Dividend and Income Fund, Inc. Announces Results of Annual Meeting of Shareholders
April 25 2012 - 5:43PM
Marketwired
Dividend and Income Fund, Inc. (NYSE: DNI) (NAV: XDNIX) (the
"Fund") announced today that, at the Annual Meeting of Shareholders
of the Fund, shareholders approved (1) an Agreement and Plan of
Reorganization, pursuant to which the Fund will be reorganized from
a Maryland corporation into a newly formed Delaware statutory trust
named "Dividend and Income Fund" (the "Trust") (the
"Reorganization") and (2) the reelection of Bruce B. Huber to the
Board of Directors of the Fund as the Class I Director, to serve
until 2015 or until his successor is elected and qualifies.

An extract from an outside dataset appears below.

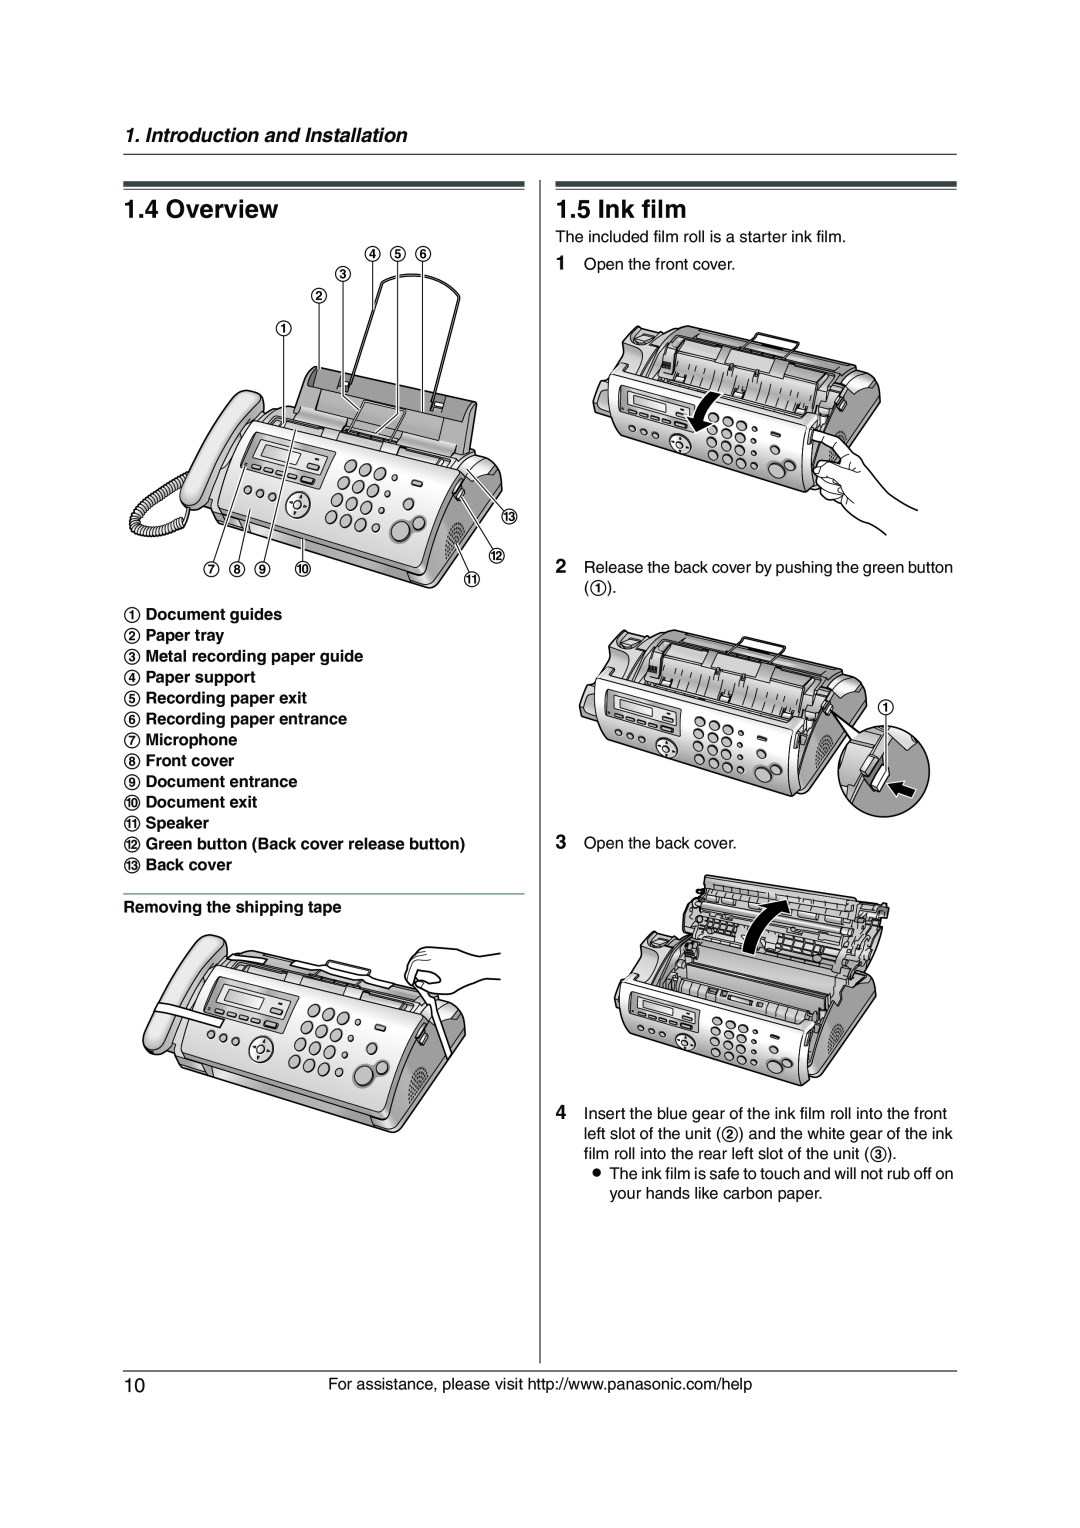 Panasonic KX-FP215 operating instructions Overview, Ink film, Introduction and Installation

Shareholders need not take any further action in connection with
the Reorganization. Immediately after the Reorganization,
shareholders of the Fund will own shares of the Trust that are
equal in number and in value to the shares of the Fund they held
immediately prior to the Reorganization. The Trust will not issue
certificates representing the Trust shares issued in the
Reorganization. The investment objective, strategies, policies, and
restrictions of the Trust will be identical to those of the Fund in
effect immediately prior to the Reorganization. The Trust will
enter into a new investment advisory agreement with the Fund's
current investment manager, Bexil Advisers LLC ("Bexil"), that is
substantially identical to the agreement currently in place with
respect to the Fund. Specifically, the investment advisory fee rate
for the Trust will be the same as that currently in effect for the
Fund. It is expected that the Reorganization will be completed as
soon as possible, subject to all regulatory requirements and
customary closing conditions being satisfied.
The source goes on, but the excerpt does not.